I walked quickly. I went to the forest because I hoped to find a Red-Breasted Nuthatch, a bird I have found there before, hopping along the trunks of the tall white pines. There was not a lot of bird activity so I was not lingering. It felt good just to move through the woods. I also went there to walk. I took time to stop, to look, to listen; but I also just wanted to feel my breath and warm myself with motion.

The ground was bare. Those gentle snowflakes were beautiful but they did not gather themselves. They broke apart, tucked under leaves, melted when they hit the slightly warmer ground. James Wright’s “Late November in a Field” begins: “Today I am walking alone in a bare place/And winter is here.” It felt like that, only it is February. It felt like winter was about to arrive, but it should be here by now.

We have gotten little snow. In a typical year I would not have gone to the town forest as I did yesterday. I would not have gotten to the parking area and I would not have tried to park, afraid of getting my car stuck. But the dirt road was like pavement. I did not need snowshoes or skis on the trails. I did not have to worry about ice. The temperature popped above freezing by the time I returned to my car. Late November weather.
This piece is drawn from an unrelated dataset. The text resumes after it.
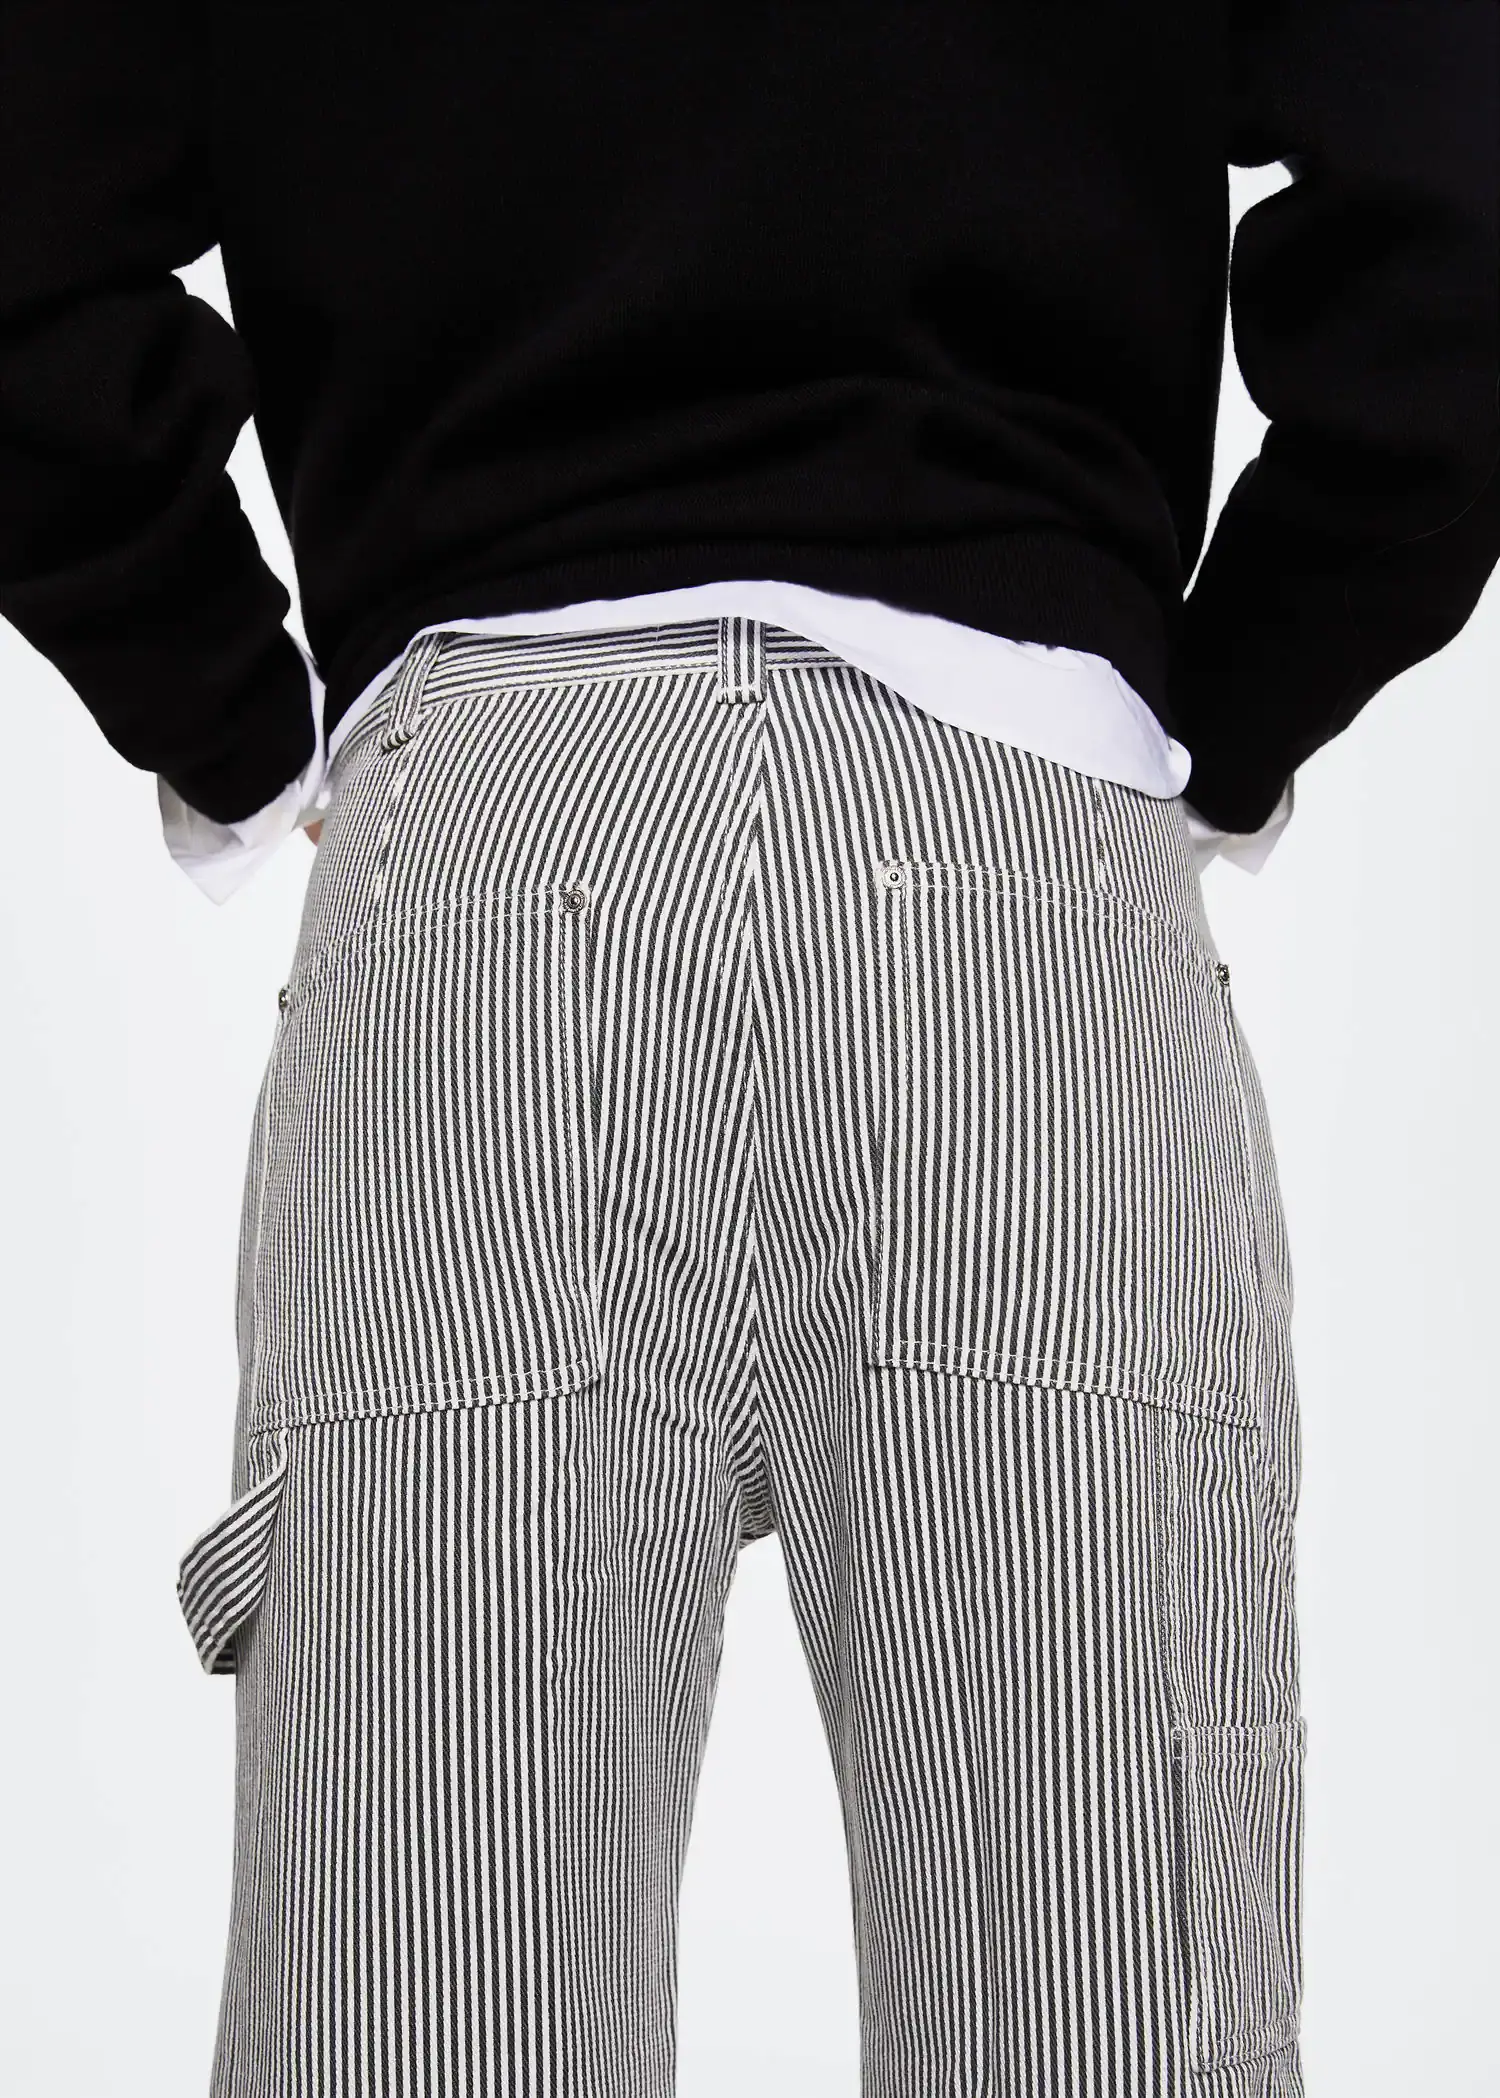 Mango Pocket cargo jeans. a person wearing a black and white striped shirt and pants. 
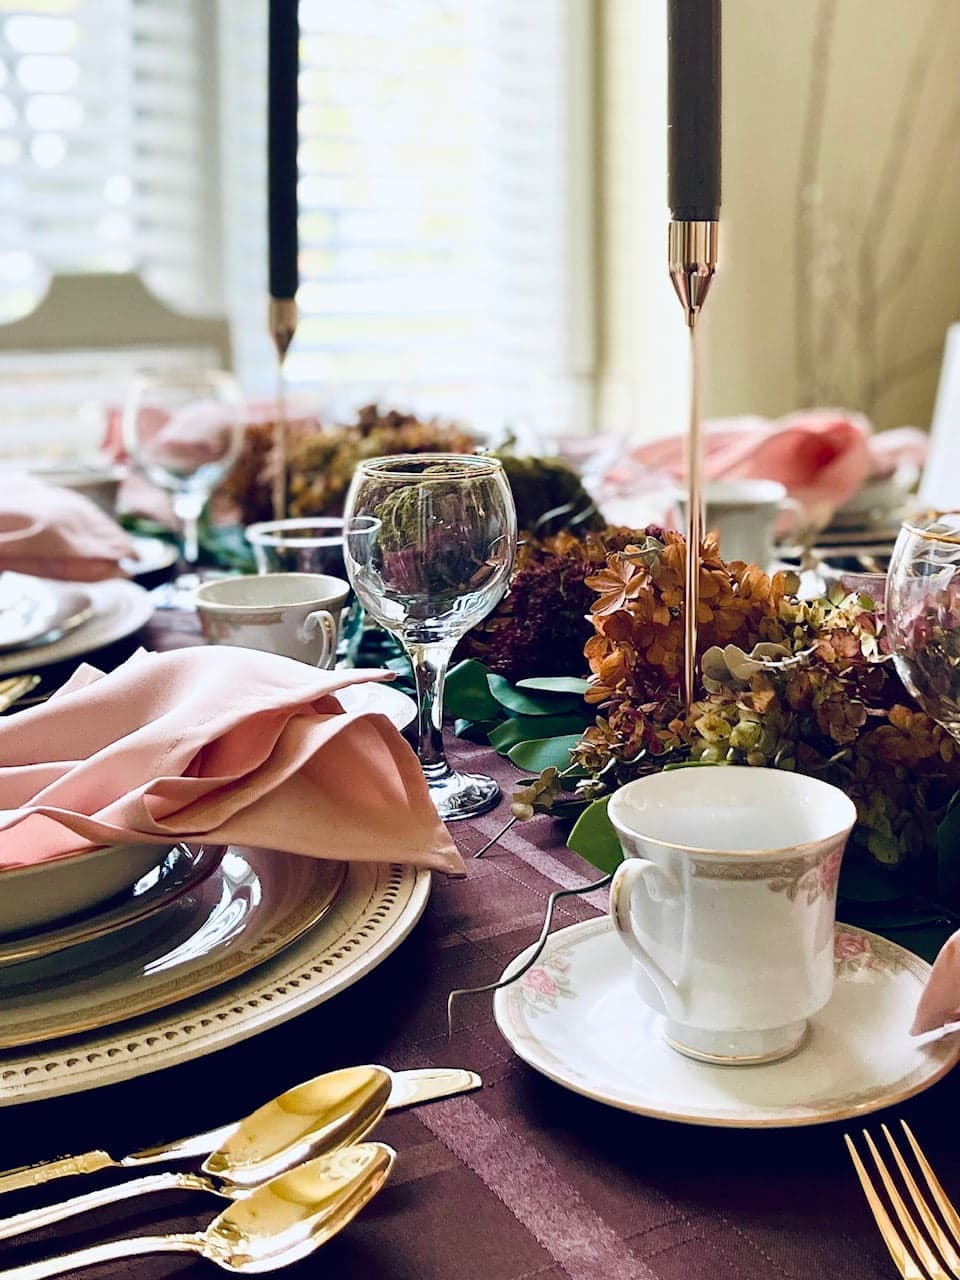 9 Budget Fall Decorating Ideas For Your Table Scape - House of Mar

I heard almost no birds. A few chickadees called their quiet peeps. I heard my nuthatch honking away, plus one or two others. At one point I stood below the pines and thought “it is so quiet today.” But it was not quiet. The wind blew the bare trees. They swayed just enough, and they were cold enough, to creak and pop. Squirrels chattered. Pines whispered. The forest was having a winter conversation with itself. Once I stopped listening with such focus and allowed myself to hear everything around me I found a world of sound. It was not quiet at all.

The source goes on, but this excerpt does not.